AMPARO DIRECTO 12296/2001. AZUCENA MARTÍNEZ SARONE.
Fecha: 01-Ene-1917
Considerando
CUARTO.-En el presente asunto, es innecesario el estudio de los conceptos de violación que se hacen valer, al advertirse la existencia de una violación al procedimiento no alegada por la quejosa, por lo que al encontrarnos en el supuesto contenido en el artículo 76 bis, fracción IV, de la Ley de Amparo, se procede a suplir la deficiencia de los mismos.

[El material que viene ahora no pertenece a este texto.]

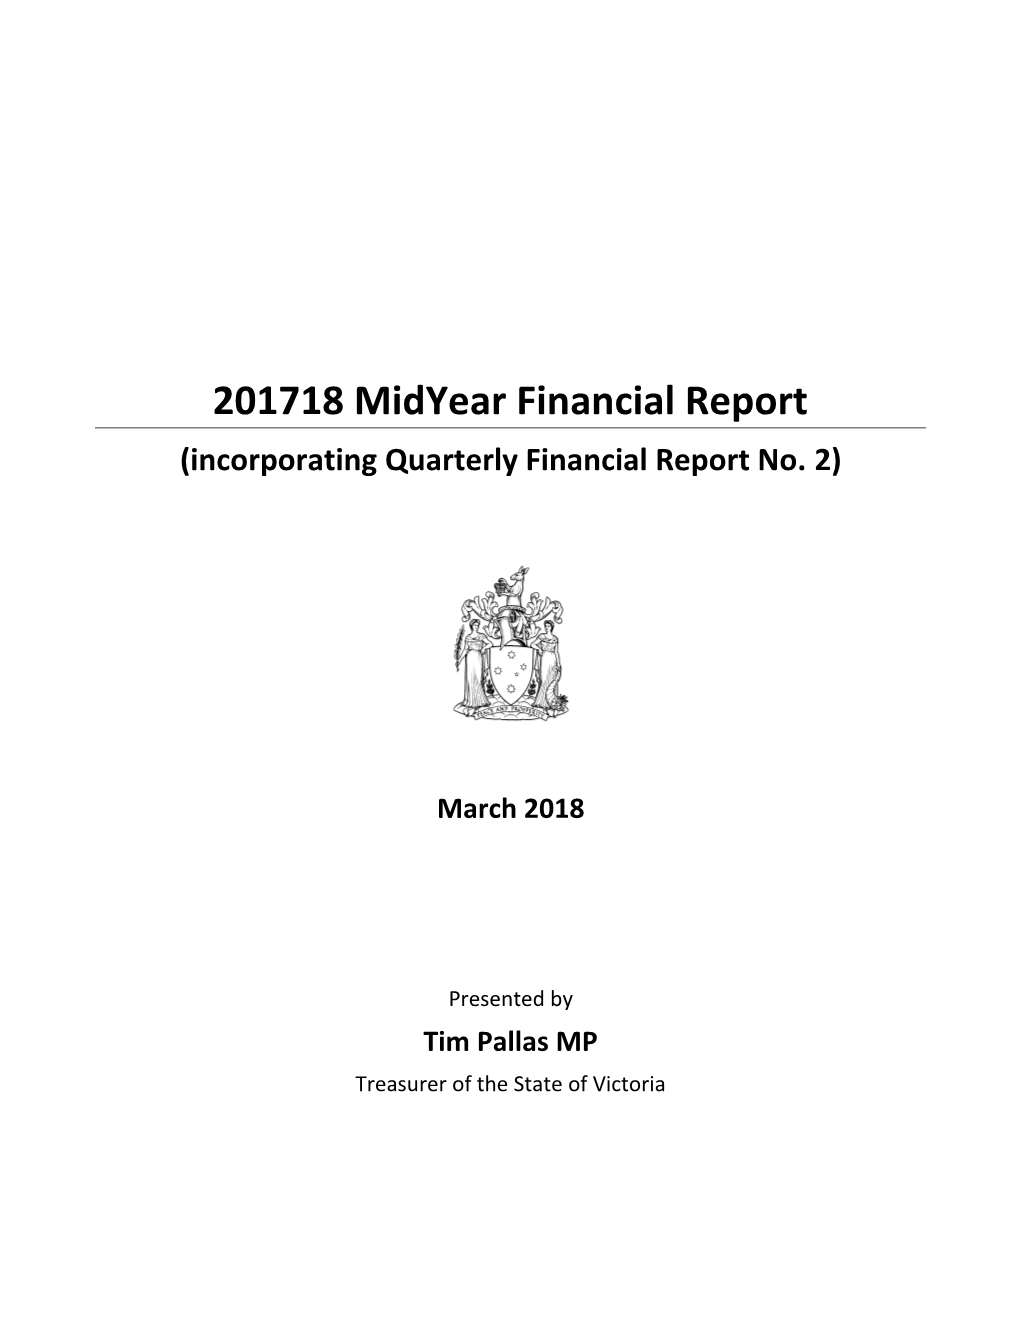 Incorporating Quarterly Financial Report No.2

Lo anterior es así, toda vez que del análisis del expediente laboral número 900/99 del cual deriva el presente juicio de garantías, se advierte que la violación procesal que se refiere, consiste en que al ofrecer el trabajo la empresa demandada en los mismos términos y condiciones en que lo venía desempeñando la actora, la Junta en la audiencia de fecha diecisiete de mayo del año dos mil, señaló: "... Y visto el ofrecimiento de trabajo y toda vez que no comparece la actora personalmente, ni persona alguna que legalmente la represente, se le concede a la parte actora un término de tres días hábiles para que manifieste si acepta o no dicho ofrecimiento de trabajo con fundamento en los artículos 735 al 738 de la ley laboral, apercibida la actora que para el caso de no hacer manifestación alguna en el término concedido se le tendrá por inconforme con dicho ofrecimiento de trabajo." (fojas 79 vta. y 80 exp. lab.).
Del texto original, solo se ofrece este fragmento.